He deff sounds like he has mental issues, nothing surprises me anymore with what these so called "men" will stoop to, try and think of it as a lucky escape an that you've finally seen his true colours, your doing a great job as a mom, your lo would gain nothing from that kind of role model in his life, I'm just realizing this about my fob, he's never met his daughter yet, and I couldn't imagine his bringing any good to her, hopefully this is the point for you that you completely cut him out your life :flower: chin up x


----------



## whatwillbe

P.s don't feel bad about messages, IMO giving a few nasty messages is nothing compared to abandoning your child and pretending your child died x


----------



## Dezireey

*UPDATE*

Ha! he text me at 2am saying that his world is falling apart, he can't cope, paying for two kids will break him. I called him and he was sat in a car at a beach ( apparently). I immediately told him I didnt want to hear any details, excuses, reasons etc as he is such a liar there is no way i would believe anything he says. I told him that i no longer give a toss about his financial situation ( before, I felt awful pressuring him to be a Father and pay up when he had gone through the death of a child) I said a few other choice things. This time he was very quiet, he knew I would not back down at all. He says ' i may aswell go walk into the sea now then' i said 'clothed or naked? its a bit cold, I suggest you keep your clothes on'

Silence. Just as I thought ' oh feck, its a bit too far encouraging someone to top themselves' I hear a whistling noise in the background, it was a familiar noise of his posh kettle on the stove, I recognised it. So he was at home making himself a cup of tea! BUSTED! i then put the phone down.

Knobhead


----------



## kassiaethne

wow good for you for standing your ground! I can't believe he even tried the sympathy card again. and to say he would just walk into the ocean, so ********ly dramatic. who does that? he really is a sick sick man. I'd totally get all the child support I could out of him. JUST to spite him, and for the fact that he owes it to his child. what a sneeky worm. the tea kettle just was the top of the stupid pot. what a moron. 


:hugs:


----------



## calm

I have read this thread in horror! I don't have words to describe what that man inspires me. He has obviously got everywhere he has needed in life with emotional blackmail, lies, and manipulation, my blood boils with people like that.

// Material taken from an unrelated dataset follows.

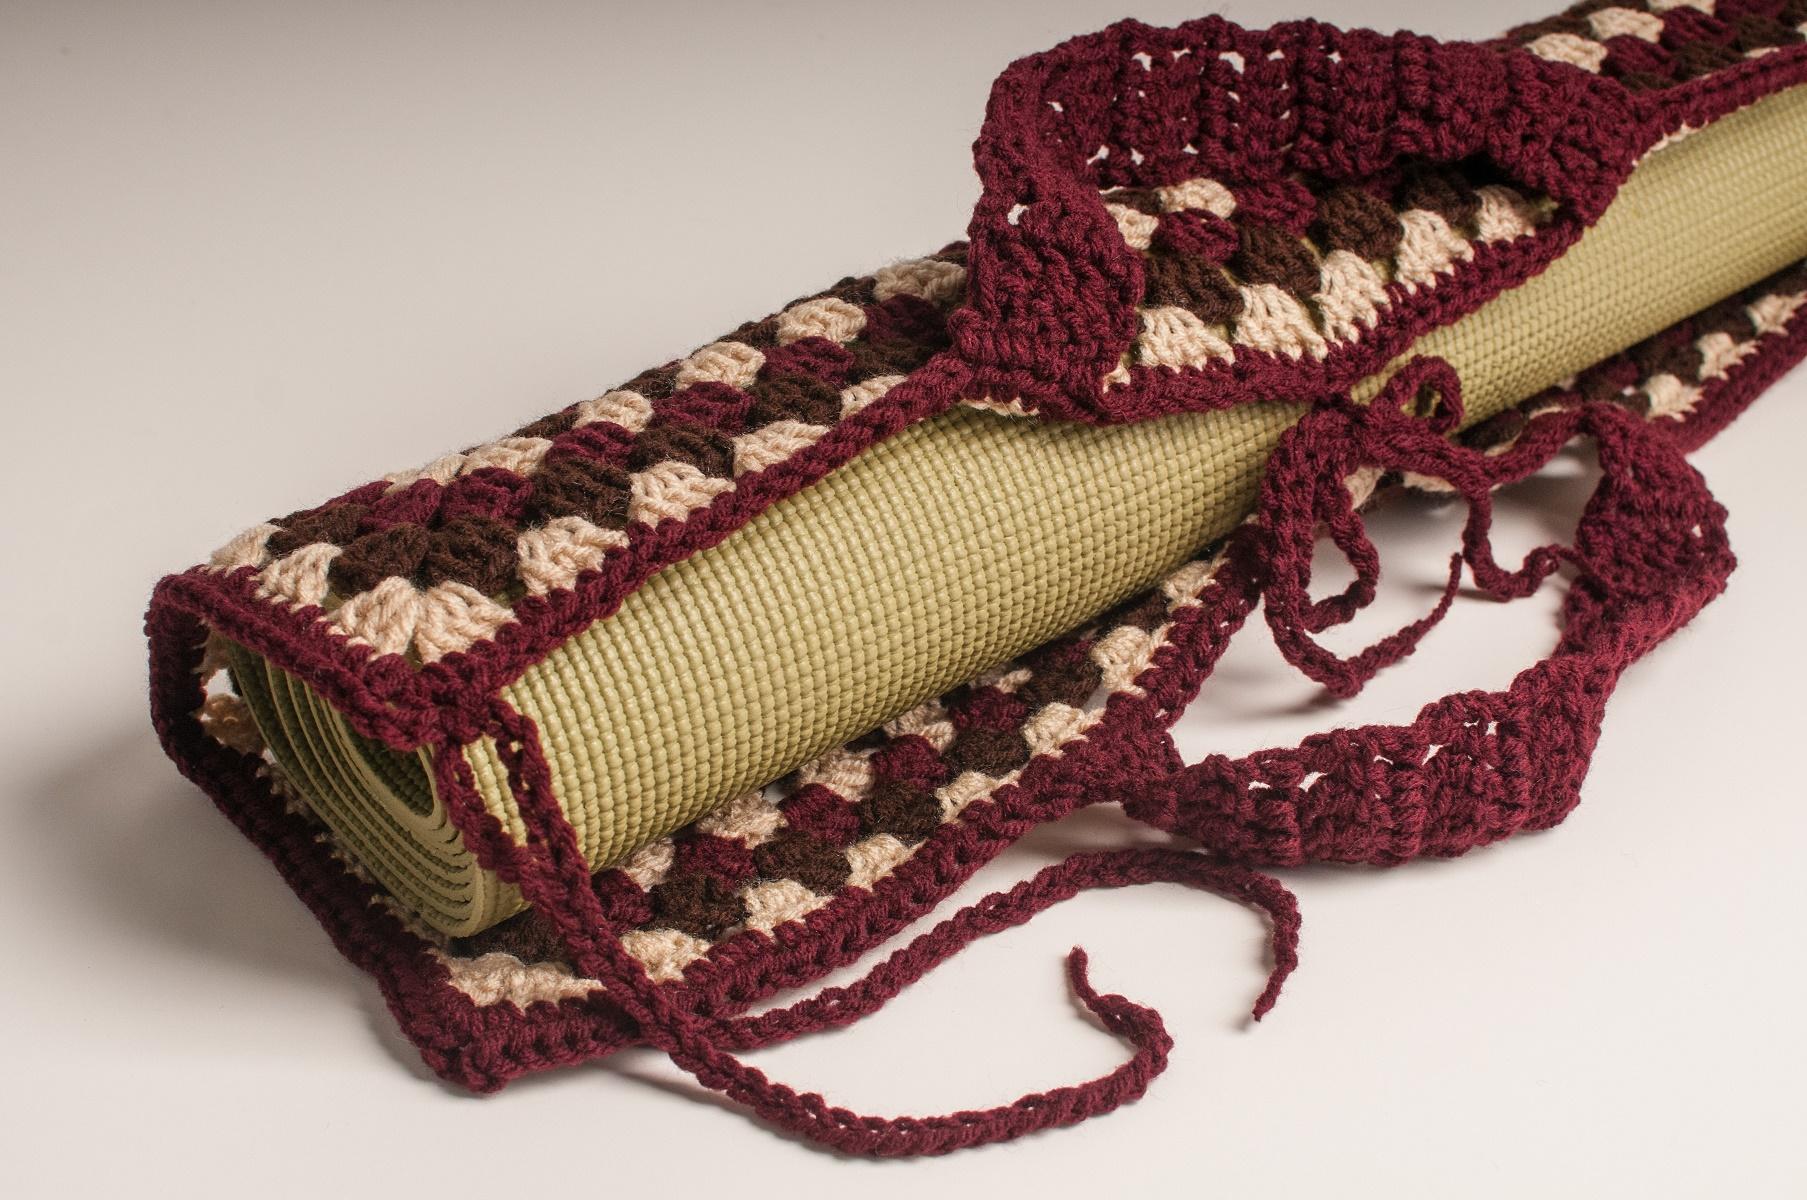 Sam S Crochet Handmade Health Granny Square Yoga Mat Bag Online Store Powered By Storenvy
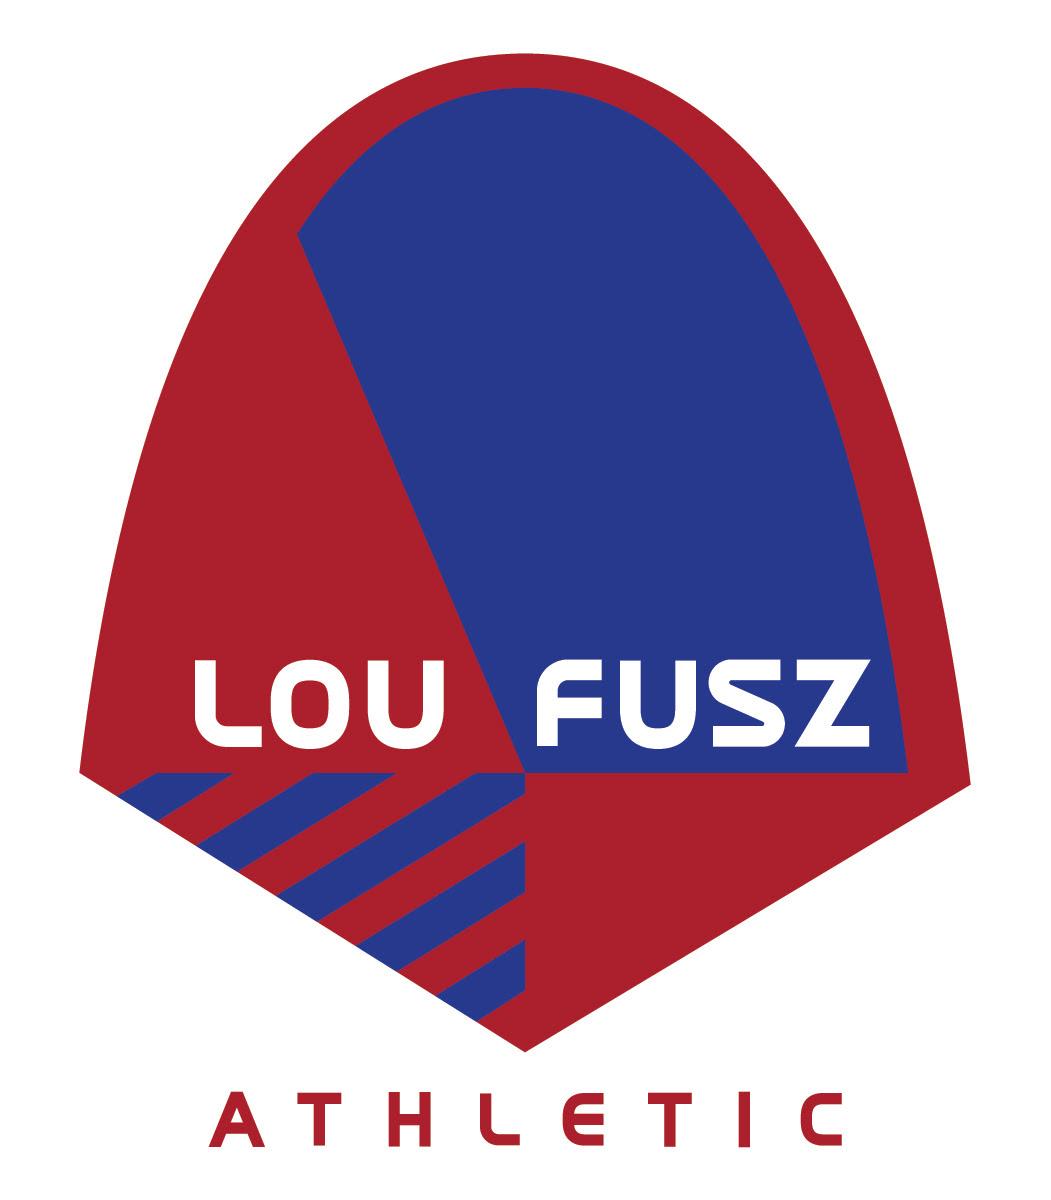 Lou Fusz 03 Blue

Be careful you don't start feeling sorry for him, he just might pull some stunt to get you in the place where he wants (feeling sorry for him). If there is any way you can cut all communication with him, do so (and that he still pays for his child) Big hugsXXX


----------



## lemontree12

OMG!!!!!!
how far does his lies go???? i honestly cant believe al along he was at home making a cuppaa!!!
first off, his life will not be over because at the moment he pays 15% for one kid t will only be 20% for 2(not that a mother only pay 10% per month towards the up bringing of her child, personally i think the precentage is disgusting, but hey) and 2nd off if he was any decent person his life should come second to the lives of his kids. 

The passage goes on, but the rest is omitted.